We need to continue developing technology that helps us understand thermal runaway until we can effectively prevent thermal runaway altogether. Until we can prevent it, we have to plan for it. We learned a lot about thermal runaway with our initial FTRC study, but there is still much to be learned. Step one is continuing learning more about the impacts of cell design features on the thermal runaway response through testing of statistically significant quantities of cells.
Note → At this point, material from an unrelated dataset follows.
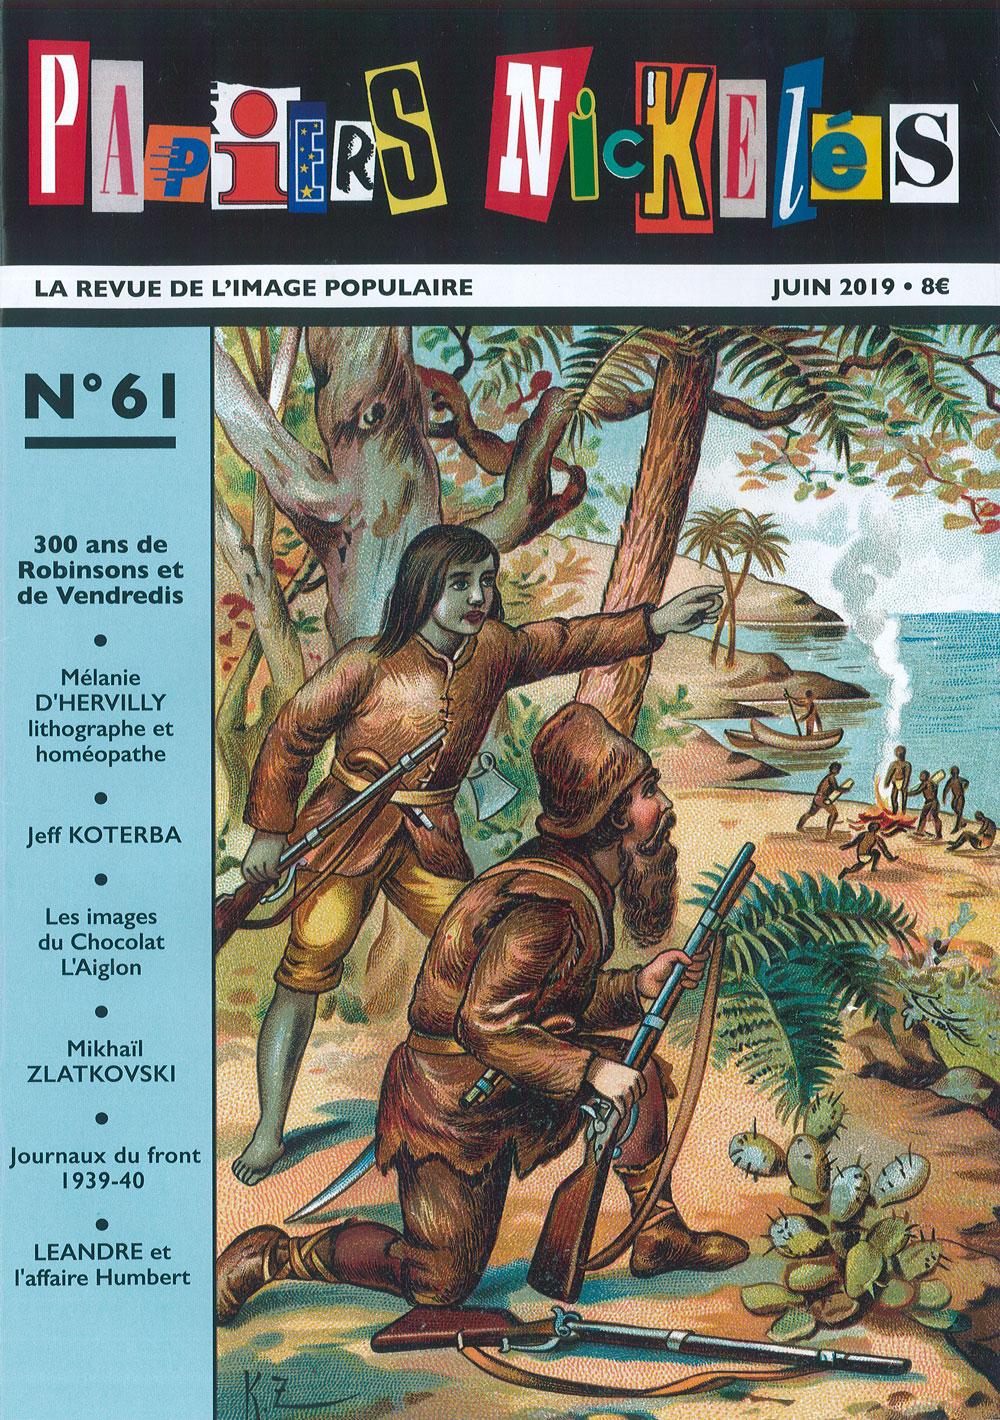 Papiers Nickelés n° 61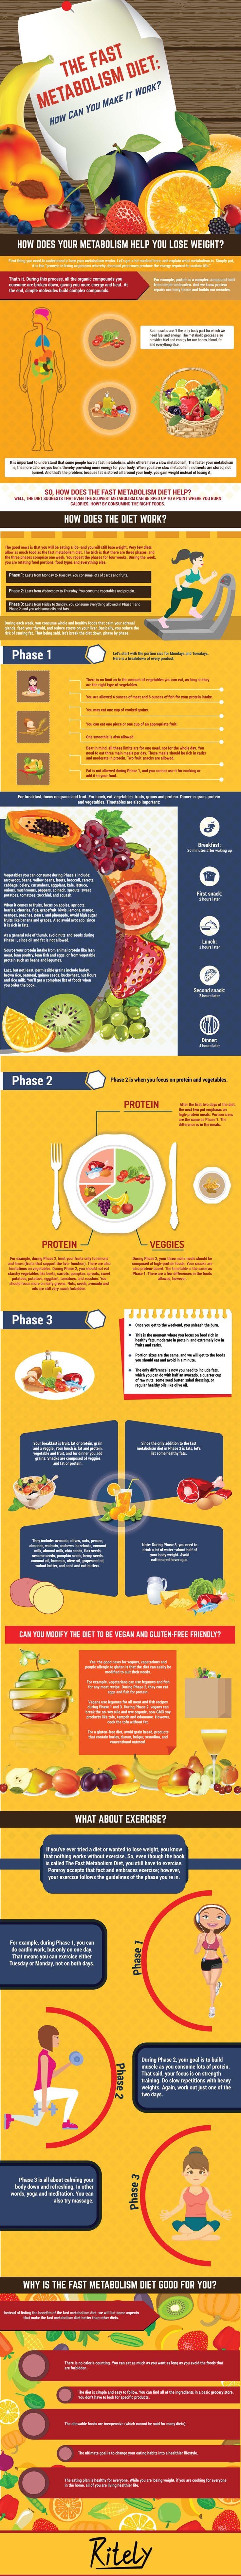 De snelle stofwisseling Dieet: Hoe kunt u het?

Right now, we’re limited by the mass and volume impacts of battery thermal management system designed to protect against thermal runaway. General cell protection components, heat sinking, insulating, and/or cooling, that gets heavy. When you’re talking about automobiles, military applications, and spacecraft—where mass and volume are major drivers—that’s a problem and you’re forever limiting your potential energy and power densities. But what if we didn’t need a thermal management system designed for thermal runaway protection? There are companies out there developing technologies and new cell level materials that effectively prevent thermal runaway altogether or make it very unlikely to happen. With the threat of thermal runaway further reduced removed from the equation altogether, could we significantly reduce the mass of battery thermal management systems, and unlock the potential for higher energy and power densities? My hope is that one day we will be able to buy Li-ion cells right off the shelf with the materials built in that reduce the overall risk of thermal runaway or even prevent thermal runaway altogether.